Kartlar bu defa, El Kaide'nin Suriye kolu olan ve Nusra cephesi olarak bilinen, daha sonra El Kaide ile bağlarını kopardığını açıklayan Heyet Tahrir el Şam’ın (HTŞ) gücünü kırmak için açıldı. HTŞ, İdlib’de toplanmadan önce şüphesiz Şam’da Esad’ın askerlerine en çok sıkıntı yaratan gruptu.
Fakat, cehennemvari bir durum, bölgedeki yabancı güçlerin çıkarlarıyla çatışıyor. Erdoğan Türkiye’si El Nusra cephesinde başından beri Esad’a karşı silahlı mücadelenin öncüğünü gördü ve onlara kesin destek verdi. Katar da aynı şekilde Ankara’yla uyum içinde hareket etti. 2014 yılında İslam Devleti’nin hızla yayılmasından sonra, El Nusra, Esad’ın düşürülmesi dışında her türlü amacı güden hilafetle ayrılma yoluna gitti.
2016’da İslam Devleti’ne karşı savaşta Batılılar, Suriye Kürtlerini müttefikleri yaparken Türkiye, ABD’nin baskısı altında terörle mücadele kapsamında rehin vermek zorunda kaldı. El Nusra ise Türkiye’nin de baskısıyla El Kaide’den ayrılma yoluna gitti.
"Cihatçıları tasfiye etmek, Türkiye’ye yönelecek büyük bir göçe neden olacak; bu Erdoğan için kabul edilemez"
Şimdi? İdlib’de 3 milyona yakın kişi cihatçılar tarafından esir alındı. ‘Terörist yuvası’ haline gelen bölgeyi geri almak Suriye rejimi için çok önemli çünkü iki temel yol bu bölgeden geçiyor: Kuzey- güney ekseninde Şam- Halep yolu ve batı-doğu güzergahında Lazkiye-Halep yolu. Cihatçıları tasfiye etmek hali hazırda 3.5 milyon Suriyeli’nin bulunduğu Türkiye’ye yönelecek büyük bir göçe neden olacak. Bu Erdoğan için kabul edilemez fakat İdlib’deki başarısızlığı çok bariz ve bölgede Esad’ın bütün bunları bitirdiğini görmek isteyen müttefikler, Rusya ve İran sabırsız.

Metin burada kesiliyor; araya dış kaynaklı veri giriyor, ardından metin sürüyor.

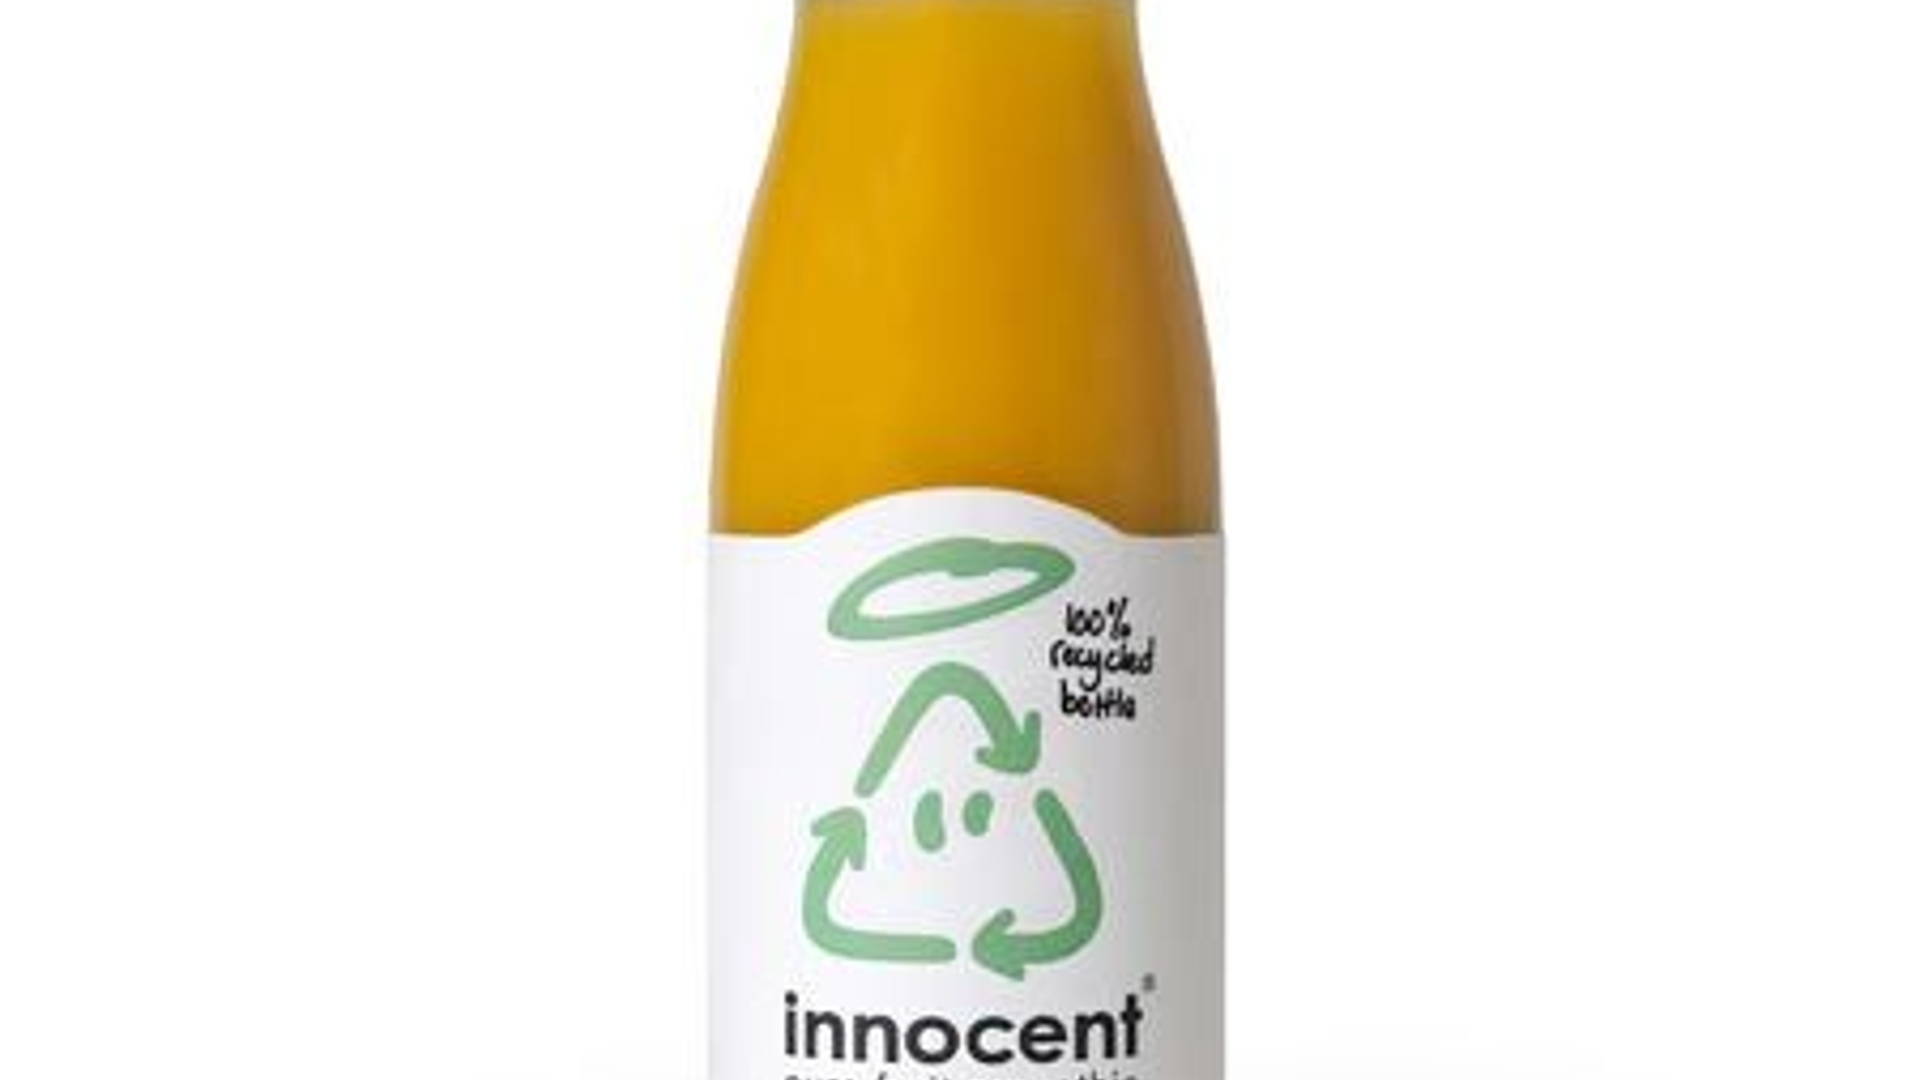 Featured image for Innocent rPET Packaging Expands Limited Edition Label Design Unveiled

Mayıs 2017’de Astana’da Erdoğan, İdlib’deki teröristleri bastırmayı taahhüt etti ancak bu hiç gerçekleşmedi. İdlib’dekiler Suriye ordusuna saldırmayı bırakmadı ve Rus hava üssünü hedef aldı. İran Devlet Başkanı Hasan Ruhani ve Vladimir Putin’in artan baskısı üzerine Erdoğan, Suriye’nin kuzey batısında bir ‘güvenli bölge’ oluşturmak karşılığında İdlib’deki cihatçıları serbest bırakmayı ve Suriye’deki Kürtlerin pozisyonunu bozmayı amaçlıyor.

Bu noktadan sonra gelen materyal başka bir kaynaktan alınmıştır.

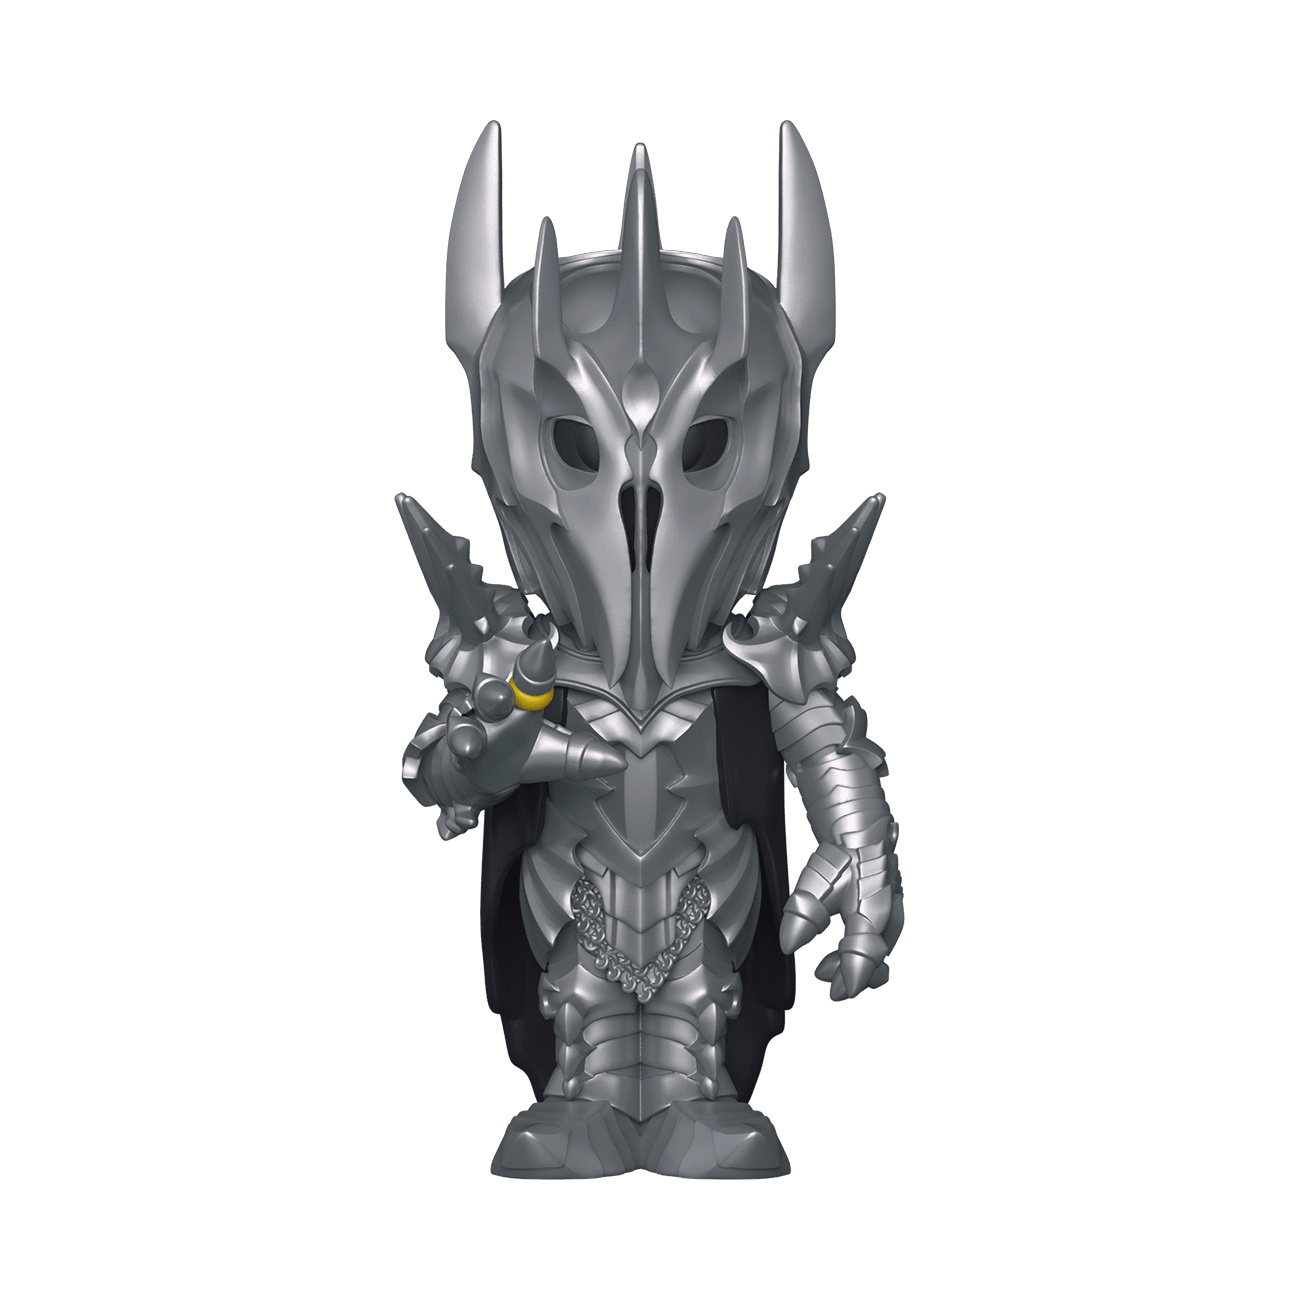 Funko The Lord of the Rings Sauron Vinyl Soda Figure Limited Edition

Kısa ya da orta vadede, Recep Tayyip Erdoğan’ın Suriye’deki umutları boşa çıktı. Vladimir Putin’le yakınlığı ve ABD’nin Tahran’a desteğini çekmesinde karşı tarafta bulunarak Türkiye Cumhurbaşkanı pek çok şey kazandı: Rusya’yla artan alışveriş, Türk akımı projesi, S-400 satın alınması ve Türkiye’de üretilmesi... Fakat bütün bunlar için ödenecek bir bedel var. Başka bir deyişle, Erdoğan kendini Putin’in pençeleri arasına aldı."